Oct 15, 2010

Never trust the banks

I've collected a few simpler articles on the crisis. Check this one in the Washington Post, this one about the foreclosure that started it all, and this one about a Florida man (to be mentioned later). As usual, Paul Krugman has the clearest explanation:
The story so far: An epic housing bust and sustained high unemployment have led to an epidemic of default, with millions of homeowners falling behind on mortgage payments. So servicers — the companies that collect payments on behalf of mortgage owners — have been foreclosing on many mortgages, seizing many homes.

But do they actually have the right to seize these homes? Horror stories have been proliferating, like the case of the Florida man whose home was taken even though he had no mortgage. More significantly, certain players have been ignoring the law. Courts have been approving foreclosures without requiring that mortgage servicers produce appropriate documentation; instead, they have relied on affidavits asserting that the papers are in order. And these affidavits were often produced by “robo-signers,” or low-level employees who had no idea whether their assertions were true.

Now an awful truth is becoming apparent: In many cases, the documentation doesn’t exist. In the frenzy of the bubble, much home lending was undertaken by fly-by-night companies trying to generate as much volume as possible. These loans were sold off to mortgage “trusts,” which, in turn, sliced and diced them into mortgage-backed securities. The trusts were legally required to obtain and hold the mortgage notes that specified the borrowers’ obligations. But it’s now apparent that such niceties were frequently neglected. And this means that many of the foreclosures now taking place are, in fact, illegal.
Emphasis mine. When I started hearing about this, my first thought was that, well, at least my parents own their house free and clear, but the case of this Florida man surprised even me. (He will get his house back, but only because he notified the local media.
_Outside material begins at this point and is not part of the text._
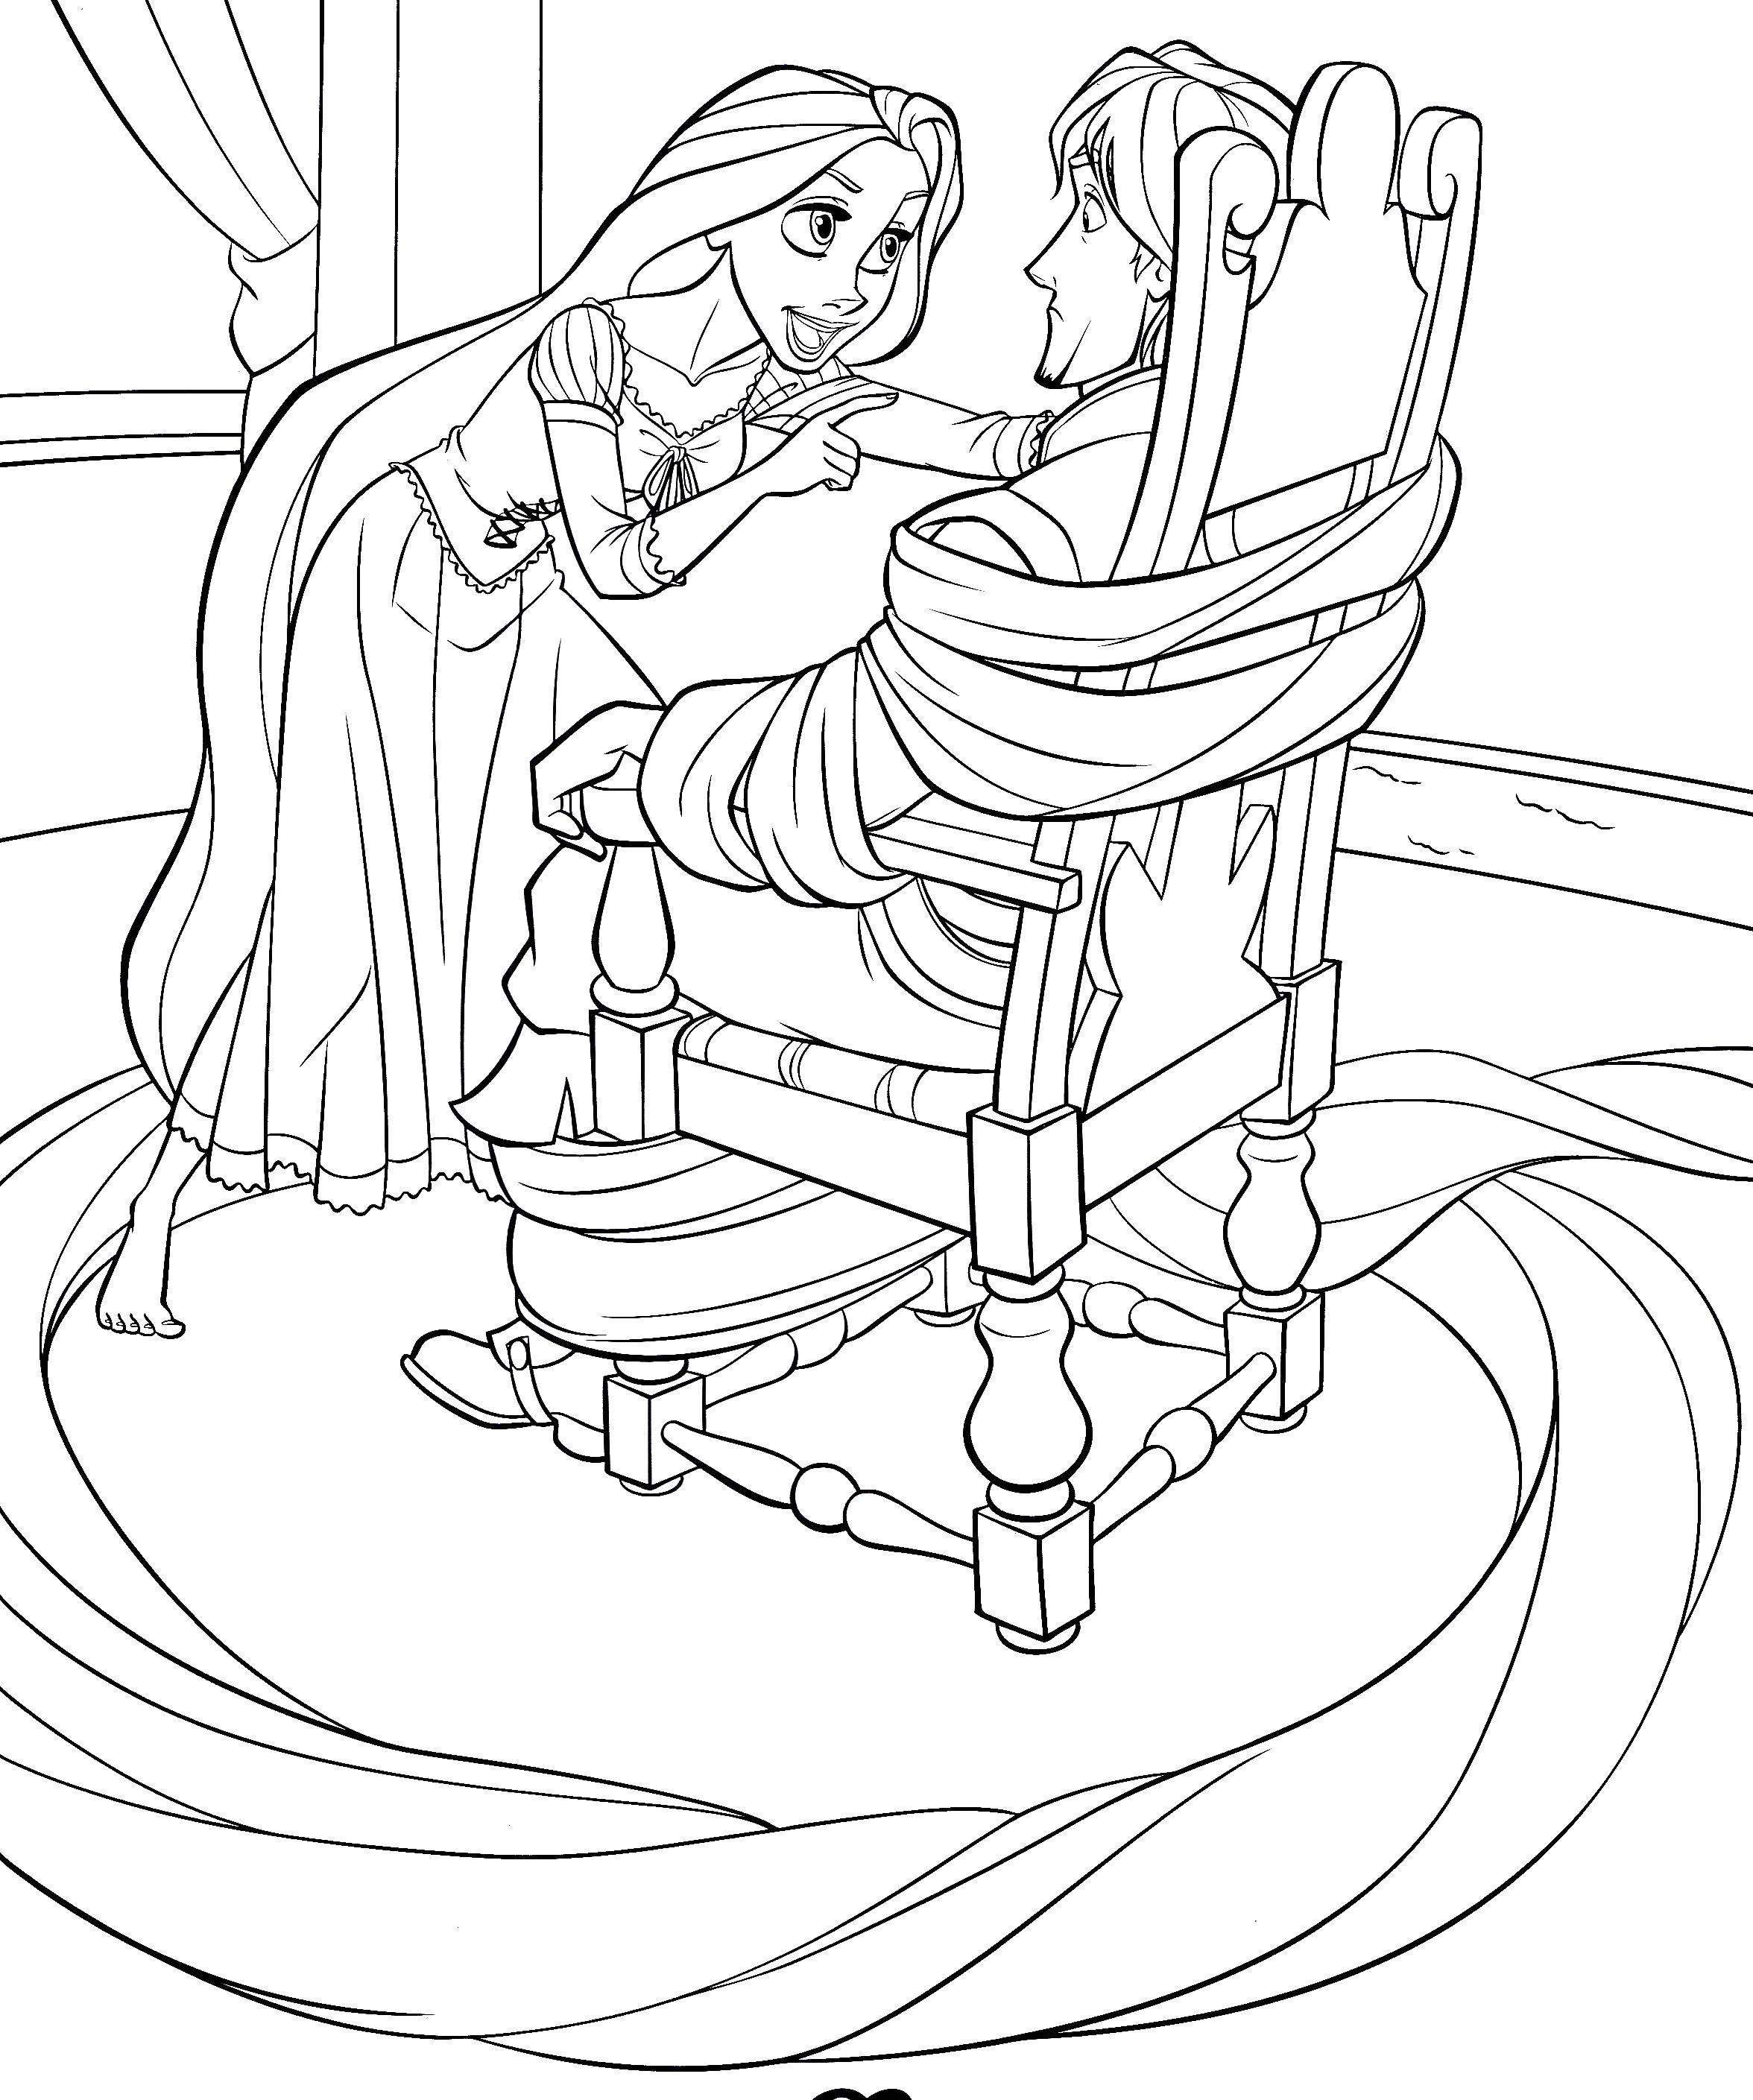 Coloring Rapunzel caught Flynn. Category coloring pages Rapunzel tangled. Tags:  Rapunzel .
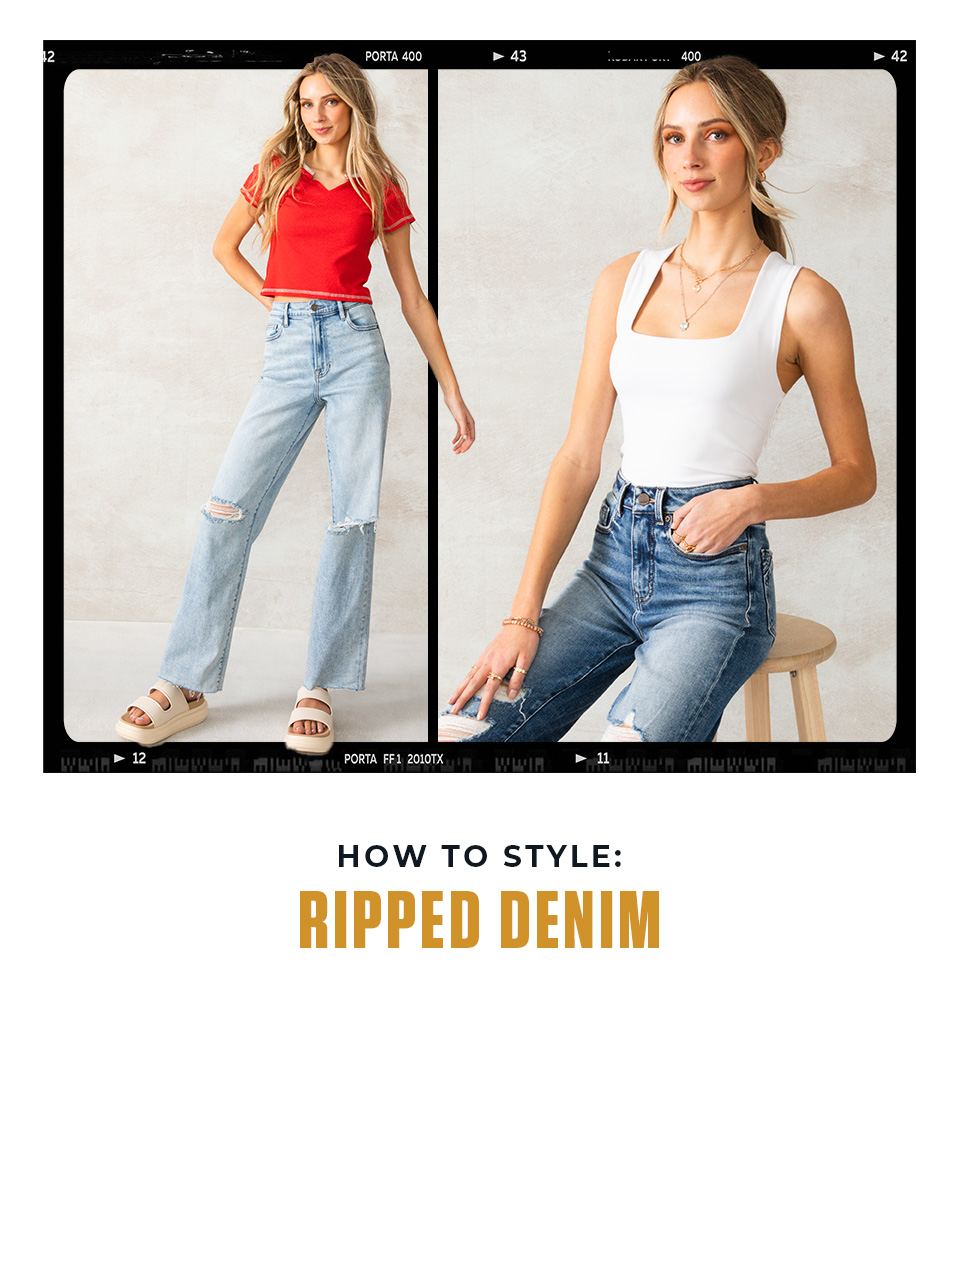 How to Style: Ripped Denim - A gal wearing a red cropped tee with a pair of light wash ripped wide-leg jeans and cream sandals

My parents' properties are likely in no danger.) Unwinding this crisis in a just fashion is probably not going to happen, but here's hoping. As Krugman says, Obama, like political elites of both parties generally, will protect the financial sector first and foremost.

Beyond the specifics, this is a reason why I would be homeless before I'd be an financial employee of any kind. I trust businessmen in general very little, but I see the basic legitimacy of a company like, say, Wal-Mart. Government must restrain its worst impulses, but it is not wholly evil. There exists a correspondence between the interest of an average person (to buy cheap things) and the interest of the company (to sell cheap things).

I see no such basic legitimacy in the financial sector. Banking is a necessary function for a modern economy, but as Atrios says Wall Street is "...a giant casino industry with a side gig in banking, and that banking side gig has meant the government will always guarantee the house bets." The first response of the banksters to the massive problem with foreclosures has been, yet again, to pump the smallest and most helpless among us as hard as they can, laws be damned. They can't help themselves. The financial sector as a system is thoroughly stupid and evil, and the first assumption for any sensible regulatory regime should be that bankers will make the cruelest and dumbest decisions that can be imagined, decisions that will in the medium term crush both the helpless and themselves.

UPDATE: Atrios piles on:
I think too often many of us have tried to come up with elaborate financial/economic rationalizations for why the banksters have approached all of this the way they have. The simpler explanation is that they're sociopathic assholes who think that everyone else must suffer for their mistakes. It doesn't necessarily have anything to do with their companies' bottom lines. Remember, they already destroyed their companies once.